Where it comes from

The idea behind RL: learning from experience and feedback, with examples and how it compares to other AI.

Learning like a child

Humans don’t get a manual of correct actions—they learn by trying, observing, and getting feedback from the world.

A baby doesn’t learn to walk by being told the exact sequence of muscle movements. They try, fall, get up, and over time the outcomes that work (staying upright, moving forward) get reinforced while the ones that don’t (falling, bumping into things) steer them away. The same goes for learning to talk, avoid a hot stove, or ride a bike: the environment and the consequences of actions provide the signal. There’s no teacher handing out a list of right answers—just experience and feedback. Reinforcement learning is the same idea applied to software: an agent tries things, gets a reward (or penalty) from the environment, and over time learns which actions work best.

What is RL

Behaviour and reward

The core idea—that behaviour can be shaped by what gets rewarded—has a long history in psychology.

In psychology, “reinforcement” has long referred to the fact that behaviour that’s rewarded tends to be repeated, and behaviour that isn’t (or is punished) tends to fade. The same idea shows up in how we build agents: they don’t get a list of right answers; they get a reward signal and many chances to try, and over time they favour actions that work better. That’s the thread that runs from the early ideas to the tools we use today.

Where RL has proved very effective

Famous examples where agents trained with RL reached superhuman or human-level performance.

Go. Systems like AlphaGo learned to play Go at a level that beat world champions. The rules of the game and the outcome (win or lose) were the only “teacher”; the agent played huge numbers of games and learned from the result. No one programmed in opening theory or endgame patterns—the agent discovered effective play through trial and error and reward (winning).

Dota 2 and other video games. RL agents have been trained to play complex team games like Dota 2 at a high level, again with a simple reward (e.g. winning the match) and massive amounts of practice. The same idea has been used for other games (e.g. Atari, StarCraft): define the goal, let the agent explore, and it learns from experience.

These examples show that when the goal is clear and the environment can be simulated or repeated many times, RL can reach impressive performance. Trading is different in the details, but the same principle applies: you define the reward (e.g. returns or risk-adjusted performance), the agent trains in a backtest, and it learns which actions lead to better outcomes.

RL in trading

How RL compares to other AI

Different tools for different problems—knowing the difference helps you choose the right one.
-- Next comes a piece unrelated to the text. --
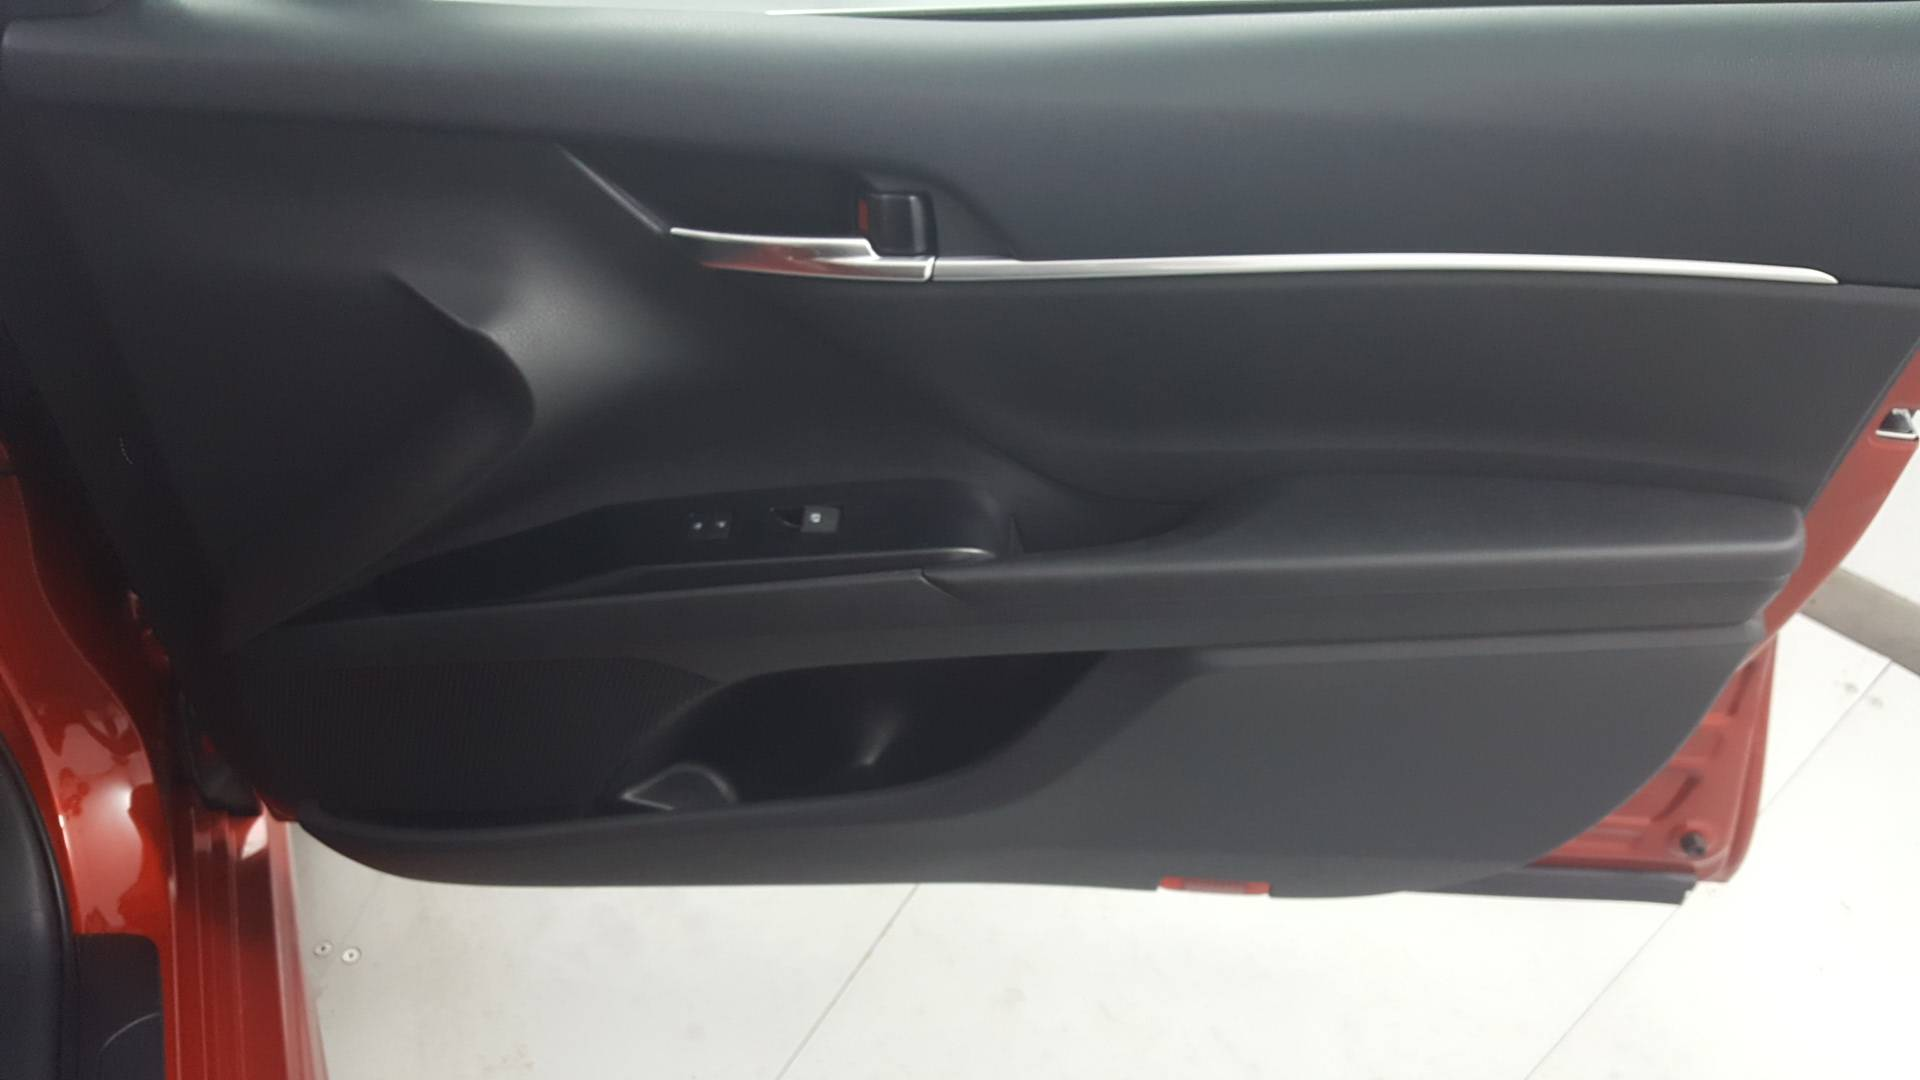 2020 Toyota Camry Hybrid 4dr Car
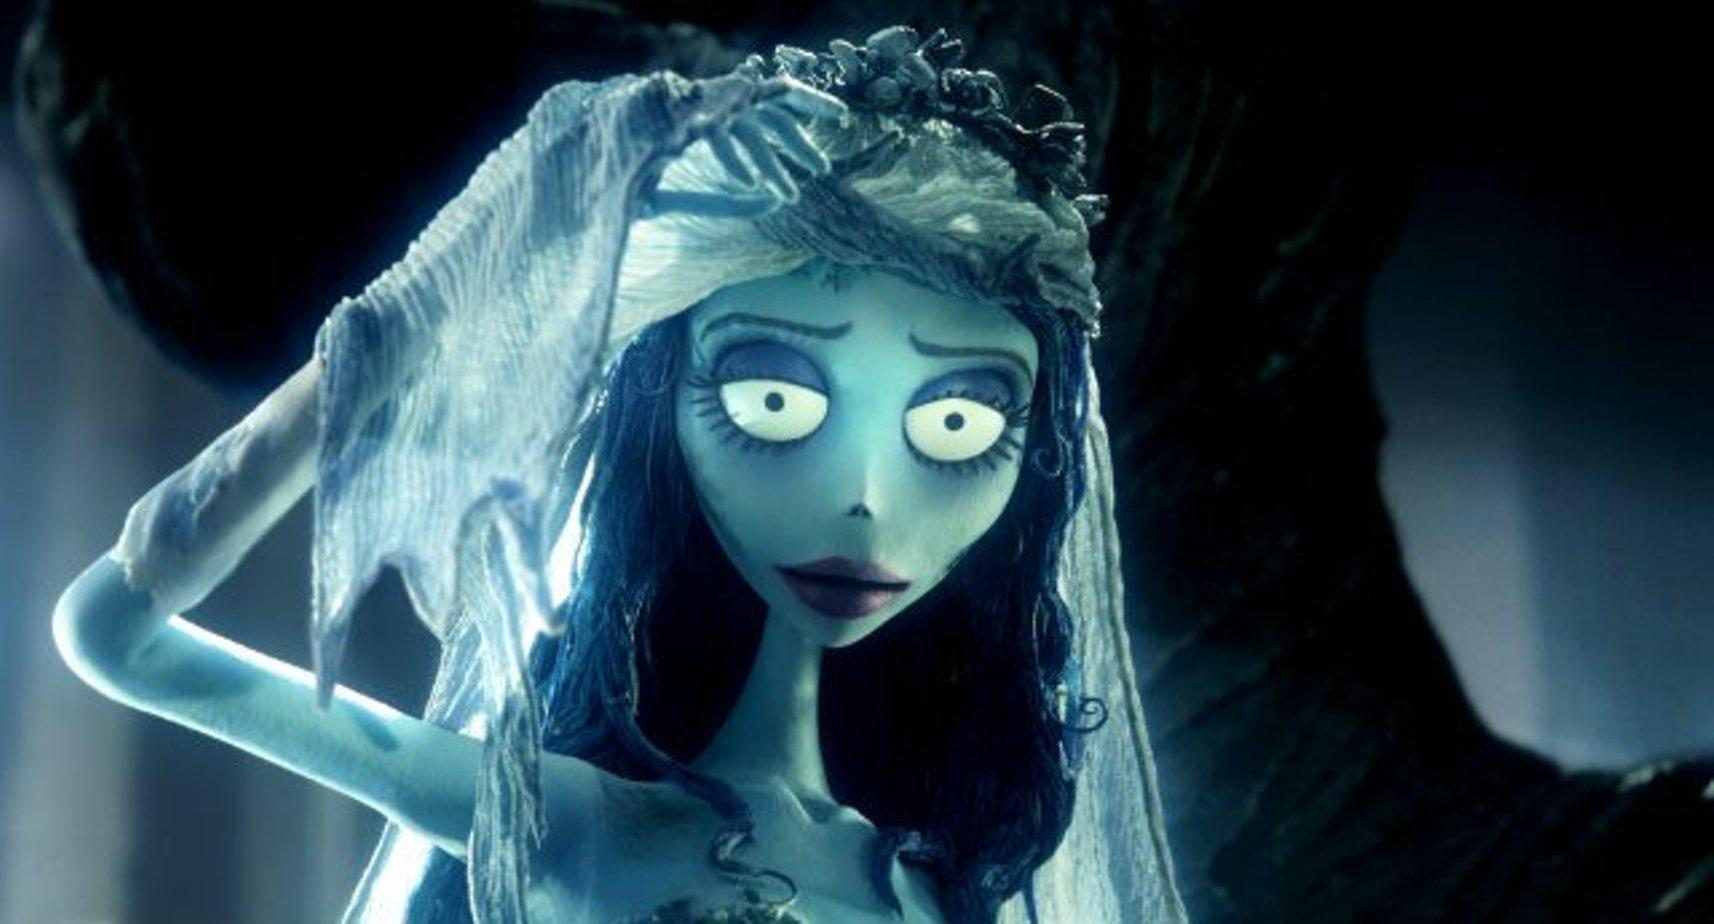 Fotos del cadaver dela novia la pelicula

Supervised learning needs labelled data: you show the system many examples of “correct” answers (e.g. “this image is a cat”, “this email is spam”). It’s great when you have or can create those labels. Unsupervised learning looks for structure in data without labels (e.g. clustering, patterns). Reinforcement learning is different: you define a reward and possibly the rules of the environment, but you don’t provide a list of correct actions. The agent learns from trial and error which actions maximise reward over time.

RL is a good fit when the problem is sequential (each action affects what happens next), the outcome is clear (you can score it), but you don’t have—or don’t want to hand-label—“right” actions. Trading fits that: you can define reward (e.g. returns), and the agent learns from experience in a backtest. That’s why we use RL for Kabu rather than a purely supervised or rule-based approach.

Terms you’ll see · Features

Why we mention it

So you know the ideas behind Kabu aren’t made up—they’re grounded in research and real-world results.

Kabu doesn’t teach you the theory. We give you a simple way to configure an agent, a reward, and an environment, then train and deploy. This page is just to say: the terms you see (“agent”, “reward”, “policy”) and the approach we use come from that tradition. You can use the product without any of this; it’s here if you’re curious.